= Sandrew Metronome =

Scandinavian film distribution company

Sandrew Metronome is a Scandinavian film distribution company formed in the 1990s. It was one of the biggest distributor companies in the Nordic countries. Sandrew Metronome was established by the Swedish company Sandrews and the Danish Metronome. Later the Norwegian media company Schibsted acquired Metronome and became joint owner with Sandrews. Schibsted gained sole ownership in 2006, but later divested its holdings of Sandrew Metronome to a group of investors and its former CEO in 2013.

Between 2005 and 2007 Sandrew Metronome sold its cinemas. In 2011 the company ceased its theatrical distribution operations leaving it with only the DVD distribution.

Sandrew Metronome was for decades one of the leading Scandinavian majors. Historically, revenue was generated from the exploitation of its content through traditional distribution platforms, including theatrical distribution, home entertainment and television. Sandrew Metronome also owned movie theatres in Sweden, Denmark and Finland with the No. 2 position in the Nordics.

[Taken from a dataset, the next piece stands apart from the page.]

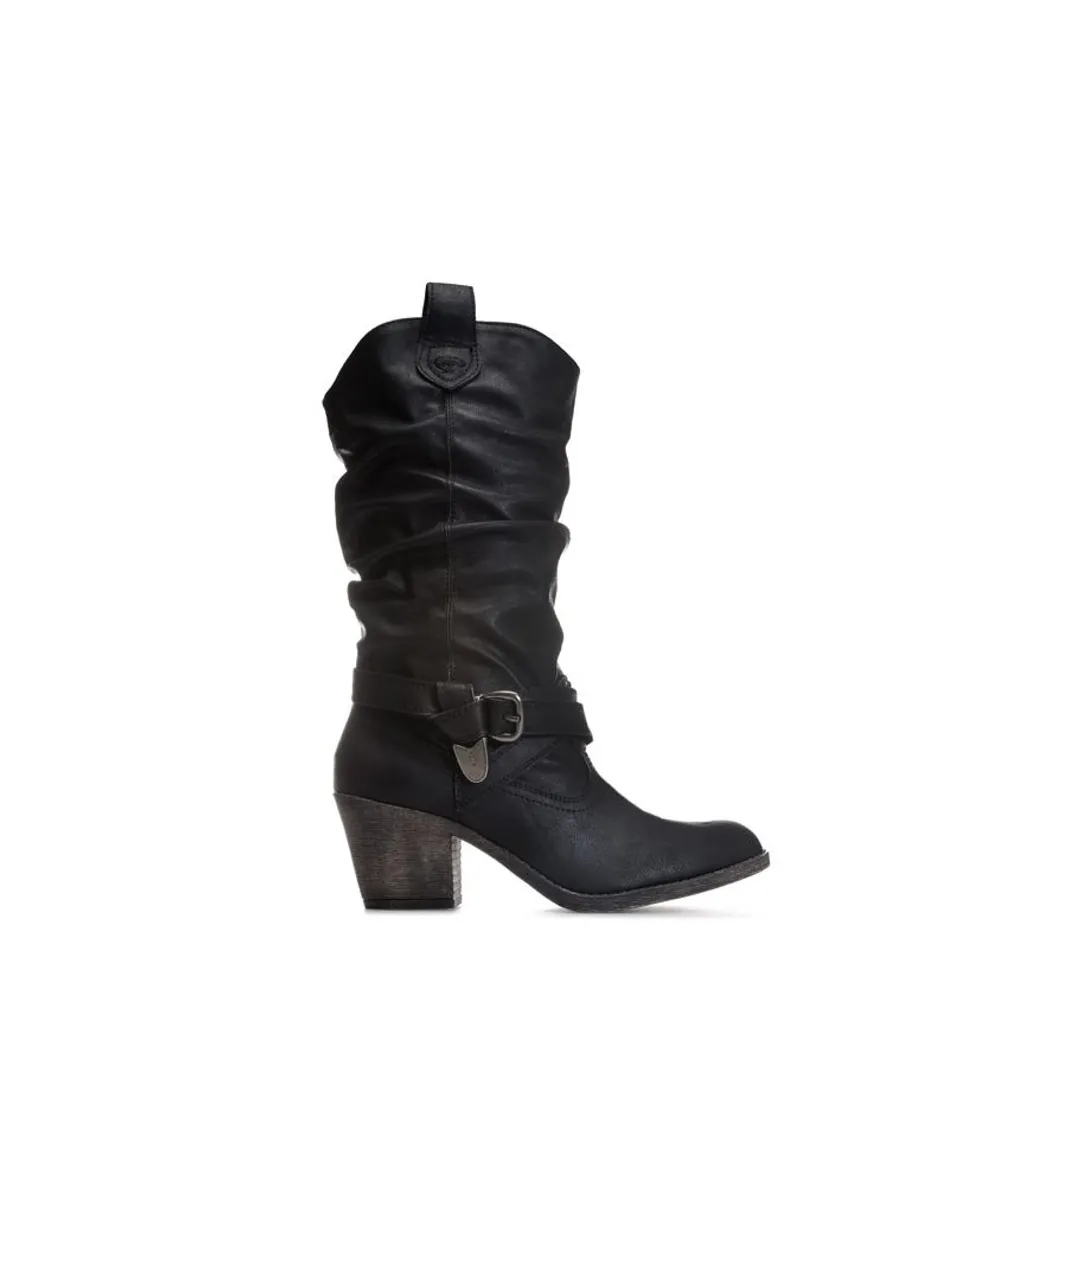 Rocket Dog Womenss Sidestep Lewis Boots in Black

For several years, Sandrew Metronome was the Nordic distributor for films by Warner Bros. and had also acquired the Nordic rights to films from Focus Features, Miramax, Pathé, and Lionsgate.

The business has since then been repositioned to having a sharp focus on exploitation of and investment in entertainment content for digital distribution platforms.

Sandrew Metronome holds a broad collection of valuable intellectual property and commercially successful and critically acclaimed entertainment content, such as movies, TV series and music catalogue rights. In the movie catalogue are, among others, the following award-winning titles: Der Untergang, The Queen, Lost In Translation, The Phantom Of The Opera, and Volver.